Discussion in 'Charcoal Smokers' started by stickyfingers, Jun 7, 2009.

  1. stickyfingers

    stickyfingers Smoking Fanatic

    I've noticed in several picures that some extend the exhaust pipe to grate level, why is this perferred?

    Thanks!
     
  2. smokinsquid

    smokinsquid Newbie

    It is to help maintain the heat and smoke in the chamber. If the exhaust is left at the top of the chamber the heat and smoke will move in a diagonal line from the firebox to the stack. With the extension in place they are forced to fill the chamber up to the point where the exhaust has been extended to.
     
  3. ddave

    ddave Master of the Pit OTBS Member SMF Premier Member

    It helps even out the heat and smoke across the smoke chamber by drawing the smoke and heat along the grate level rather than to the top of the lid before exiting the chamber.

    Dave
     
  4. smokebuzz

    smokebuzz Master of the Pit OTBS Member

    Nothing in a heavey gage offset, and i seen no change in the SnP's I had or the ones my freinds have.
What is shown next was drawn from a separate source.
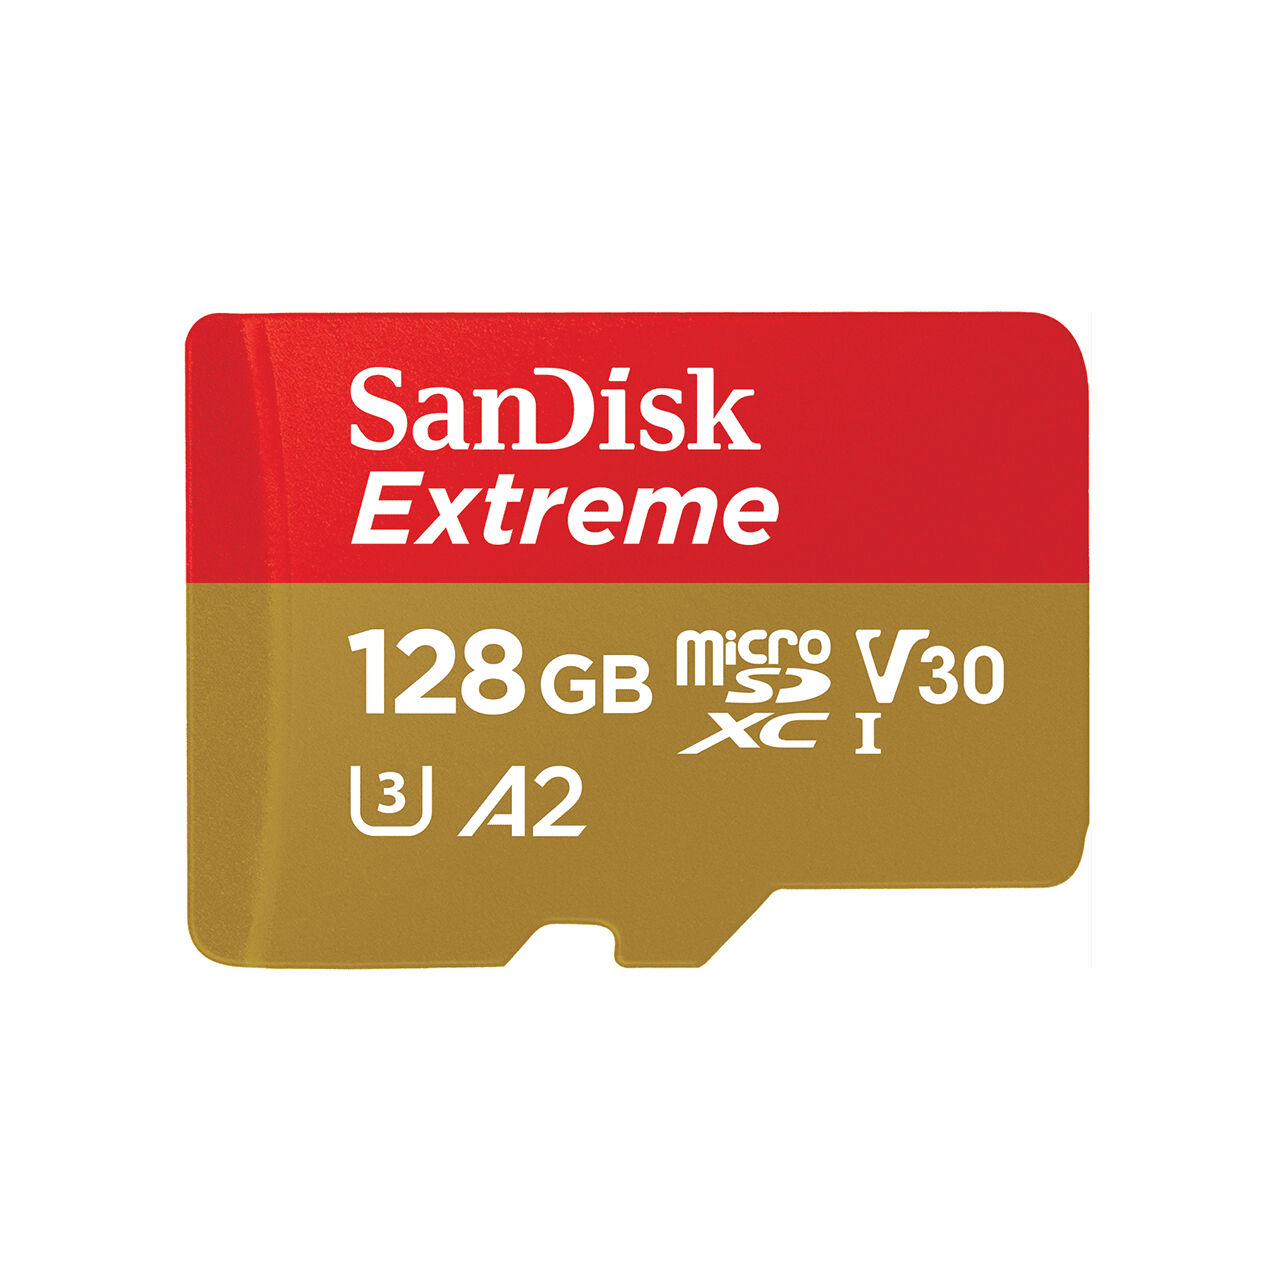 SanDisk Extreme 128GB (SDSQXA1-128G-GN6GN)

You will benifit more from a heat baffle/deflector
     
  5. jamesb

    jamesb Smoking Fanatic

    Yep, what he said. Even way back when I was cooking on my SNP (10 years or more ago), extending the stack into the cook chamber helped with heat retention.
     
  6. pignit

    pignit Master of the Pit OTBS Member SMF Premier Member

    I found that lowering the exhaust stack into the smoking chamber not only holds the smoke and the heat.... it backs the heat up so that there is less heat difference from one end to the other. After putting in my exhaust mod I only varied a few degrees from one end to the other without a baffle. I was impressed. This is on a heavy gauge offset.
     
  7. coyote-1

    coyote-1 Smoking Fanatic

    It does exactly the same thing on cheapo offsets. I'm finding that no other mods are needed if your objective is only to even out temps.
    The baffle mod is only necessary to prevent drying out the part of the meat most directly exposed to the incoming heat. It can help regulate temps too, particularly if it's also a water/drip pan, but is not really needed for temp regulation.